Sacha Taylor-Cox lives in a two-bedroom cottage in the middle of the Cotswolds - a lifestyle she cherished after spending 25 years in the hustle and bustle of London.
Ms Taylor-Cox even decided to carry out some renovations on the property, including putting new flooring in the bathroom, after the landlord agreed to freeze the rent for three years at £800 a month.
But after three years, her landlord has now increased her rent by £600 to £1400 a month, which Ms Taylor-Cox, who is self-employed, "simply can't afford".
"Being single as well, it makes the world of difference - it makes it so much harder and the price of smaller properties does not reflect that."
Hers is just one example of people being handed eye-watering rent rises by landlords.
'It's hard to survive in this market'
Merrisha Gordon, a single mum from the west Midlands, finds herself in a similar position.

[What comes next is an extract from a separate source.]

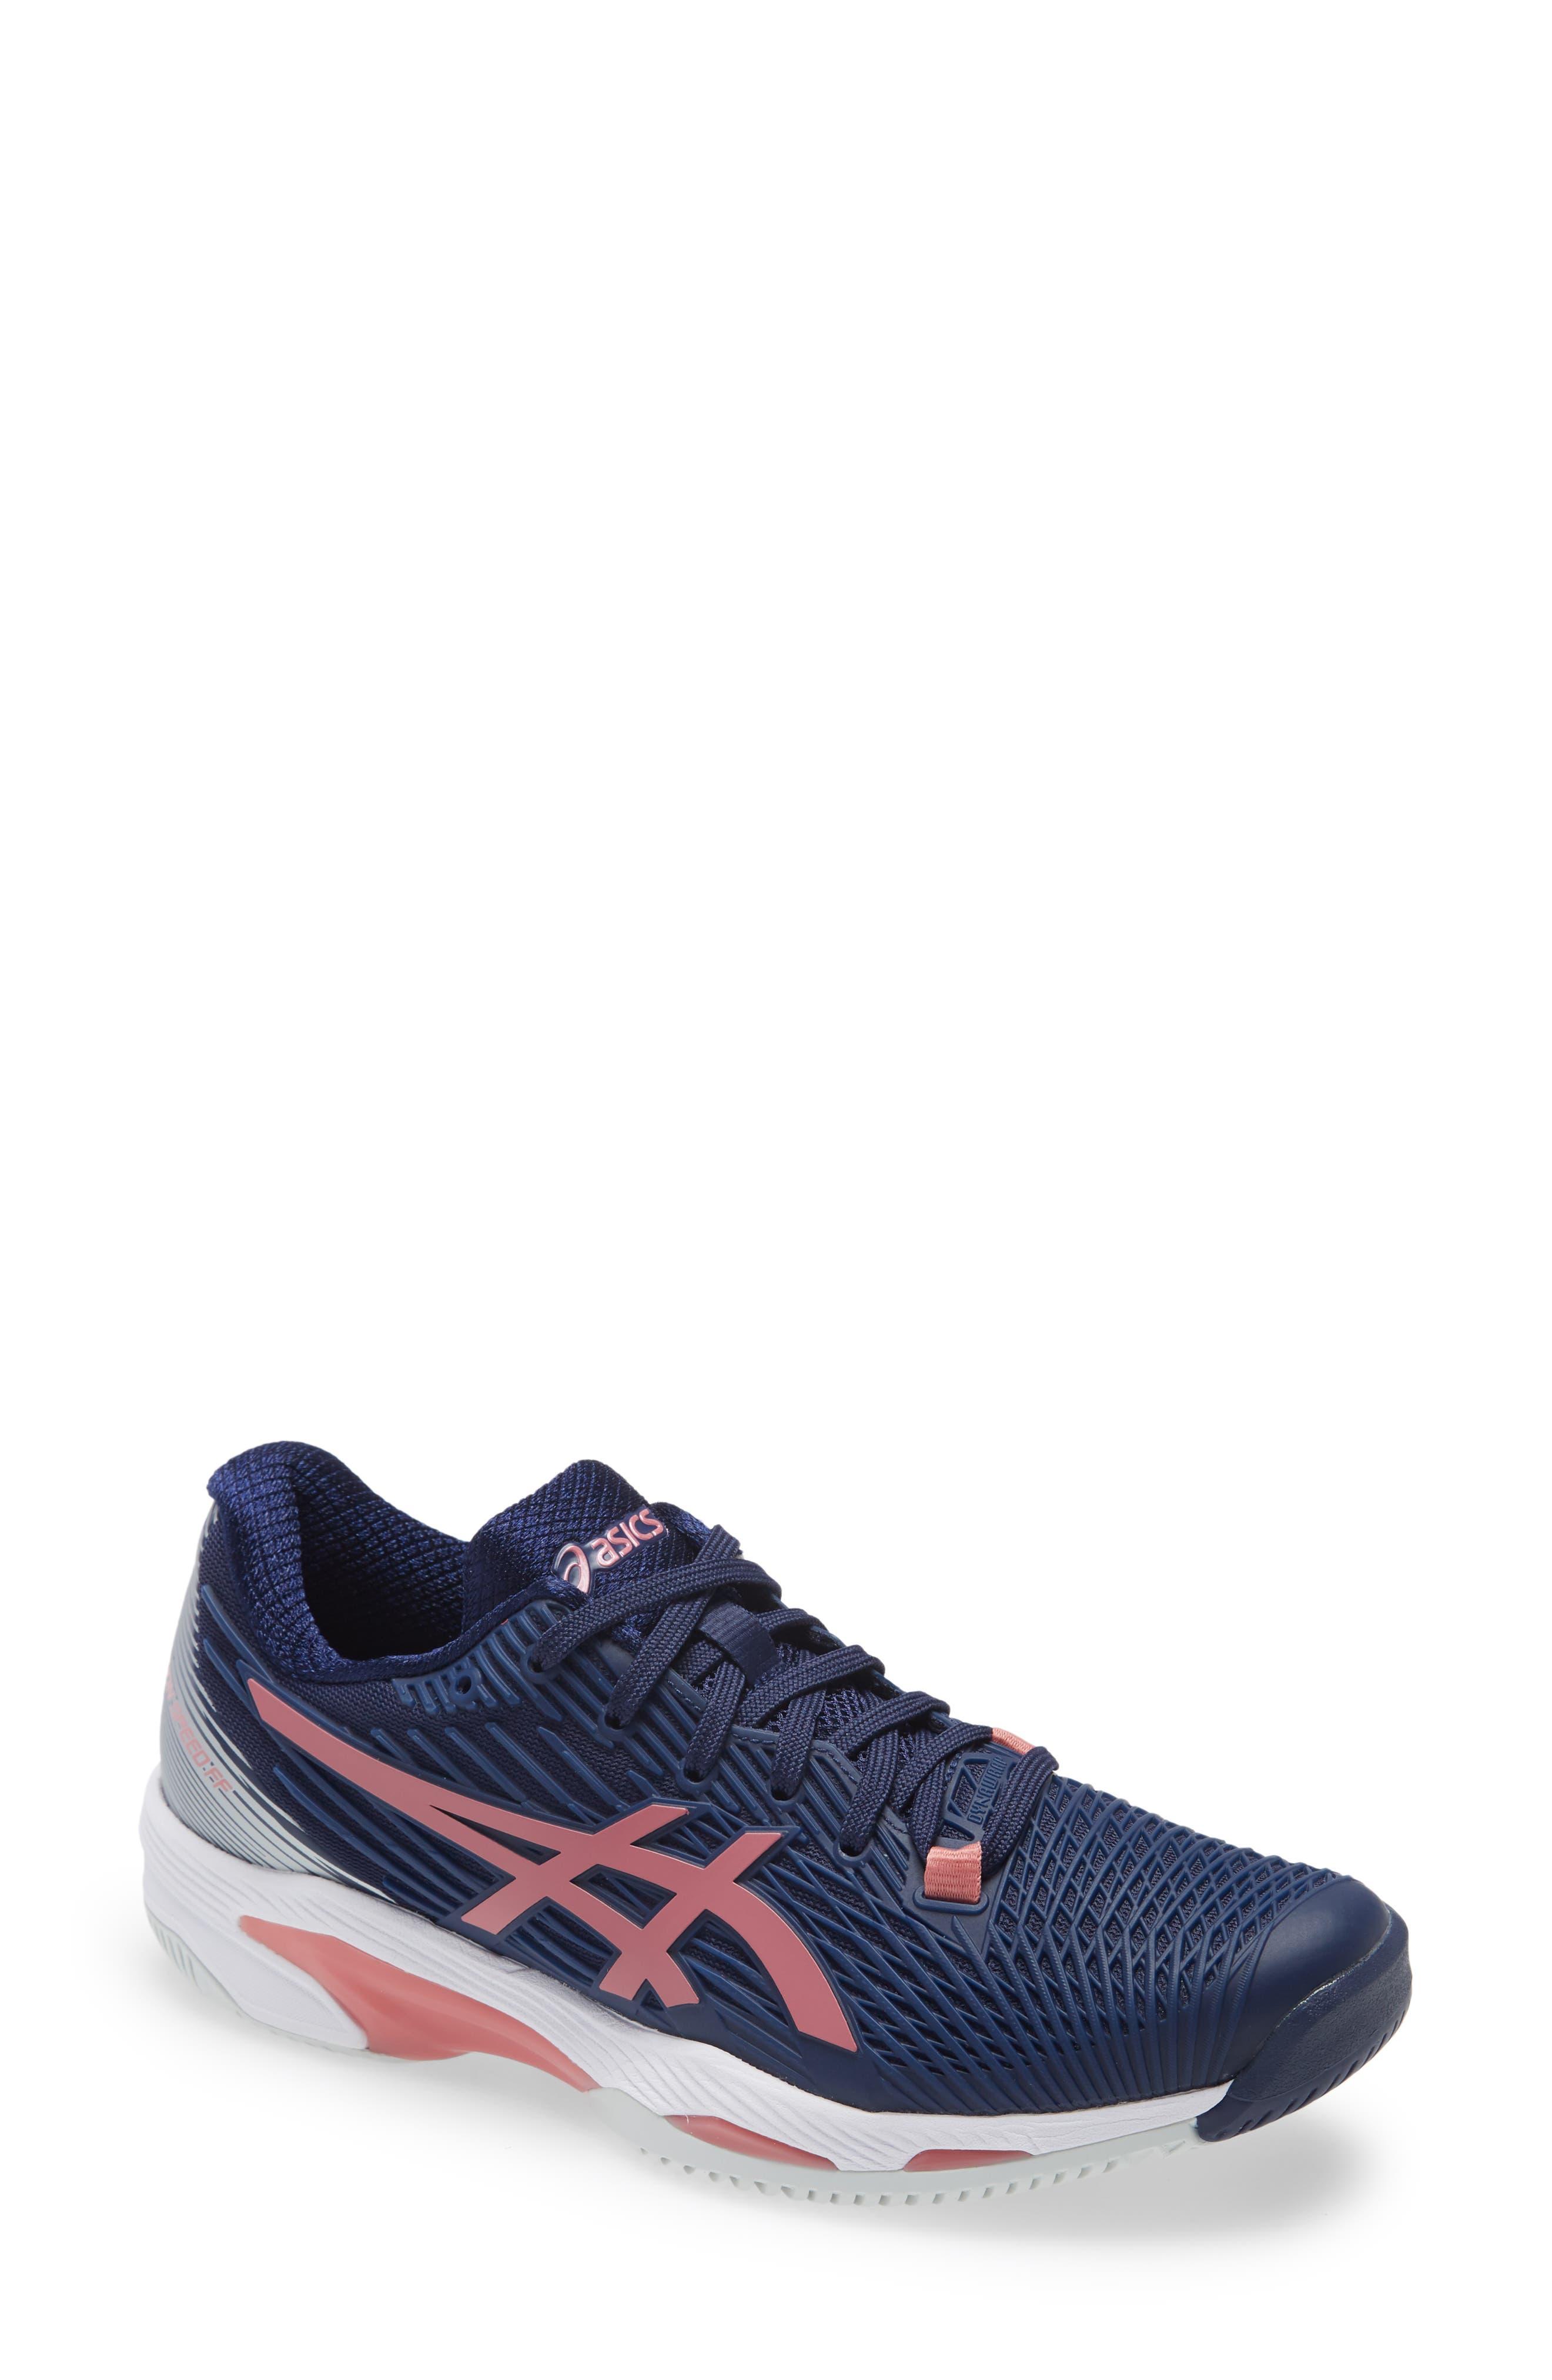 Women's Asics Solution Speed(TM) Ff 2 Tennis Shoe

While Ms Taylor-Cox has been pushed out of her dream home in the Cotswolds, Ms Gordon decided to make the leap from Kent to her native West Midlands after 25 years.
In doing so, she hoped she would make some savings on her rent, as well as the overall cost of living, which is higher in the south east.

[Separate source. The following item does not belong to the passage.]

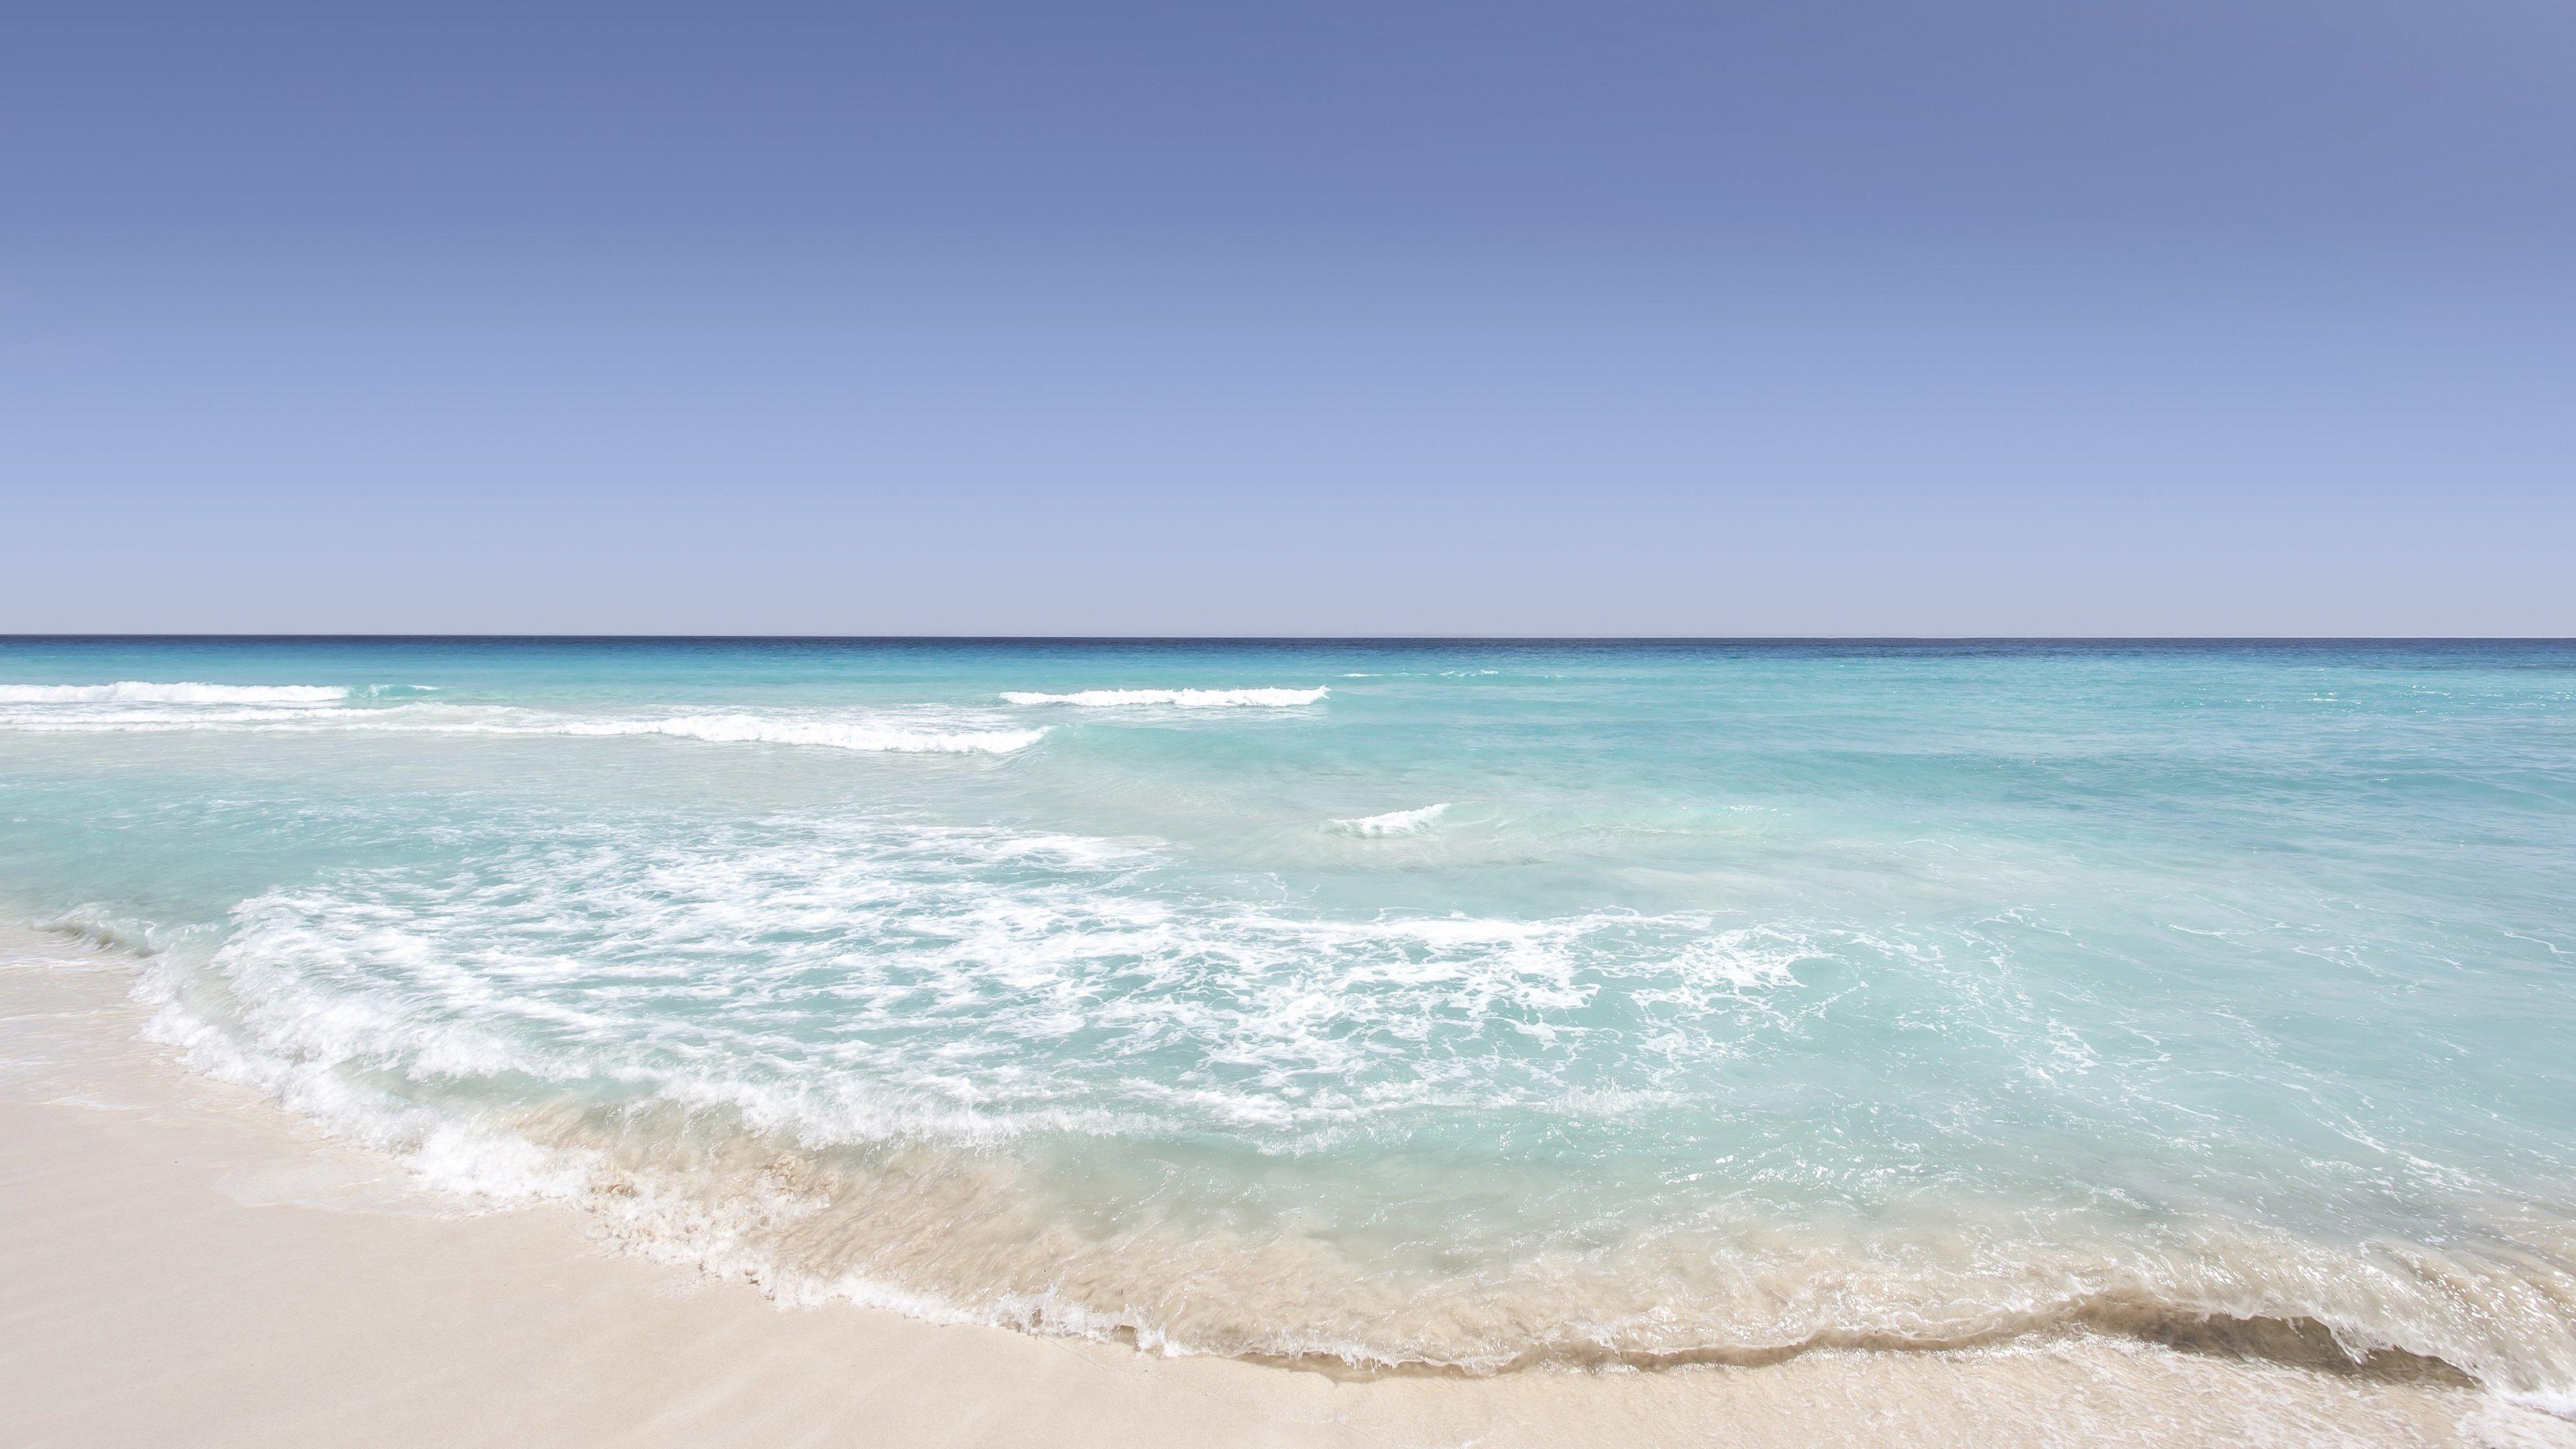 Sandy Beach Wallpaper: Mobile & Desktop Background

Initially, she was able to find a three-bed property for £995 a month, which was just about under her £1000-per-month budget.
But after just six months in the property, Ms Gordon was told by her landlord that the rent would be going up to £1150 - an increase of more than £150 a month.
With her budget already stretched, Ms Gordon was once again on the move, which was not only unsettling for her but her five-year-old child.
"I had to leave - I had no other option. What if they just increased the rent again? I couldn't take that risk, so we went looking...it just feels like it's hard to survive in this market" she told LBC.
It's not just rising costs that tenants like Ms Gordon have to deal with, but also intense competition from other prospective tenants.
She added: "By the time you saw a property you liked, you'd ring up and it would be gone. It's so competitive."
According to James Forrester from Midlands-based estate agents Barrows and Forrester, seeing up to 20 applications for each property is no longer unusual.
"There's just a severe lack of stock at the moment - it's my biggest worry...I would say at the moment that we probably get roughly between 15-20 to applications for one property...in the Midlands and the North East is very similar," he told LBC.
Ultimately, the lack of supply in the housing market is down to a large number of landlords selling up. In 2022, landlords sold around 35,000 more properties than they bought, according to Hamptons analysis.
While large rent increases can be undeniably hard for tenants, most landlords feel they don't have any other choice, James says.
"Most landlords have only got one or two properties...it's a tricky one, because we feel for landlords and tenants. But landlords are sort of left with no choice," he continued.
"Many landlords have been massively affected by rising interest rates, it makes it hard to pay their mortgage.
"[In Birmingham], there's a new stealth tax coming in, so landlords have to pay an extra £775 to register to show they are managing their property correctly. For new builds, of course it will be the same.
"They haven't really got many incentives to stay in the market. People are exiting, properties are being sold and of course that's giving a lack of supply."
What's the solution?
The former Levelling Up Secretary Simon Clarke said that the housing crisis "has to be a line in the sand moment for the Conservative Party", urging the government to promise to build more properties.
But the current Levelling Up Secretary Michael Gove has refused to budge amid Tory demands to build more houses if developments fall short of strict guidelines on design and infrastructure.
Meanwhile, the Labour party has vowed a number of pledges to increase house building, including building on the green belt and forcing landowners to sell at a lower price.
Whatever party gets into power at the next election, James says, the number one issue that has to be addressed is building more houses.
"They've got to have targets for the councils and they need to be strict on them," he said.
"The greenbelt idea is good, but just not in everyone's back yard...there are still brownfield sites that could be developed tomorrow if they wanted to.
"That's where they should be putting their concentration into."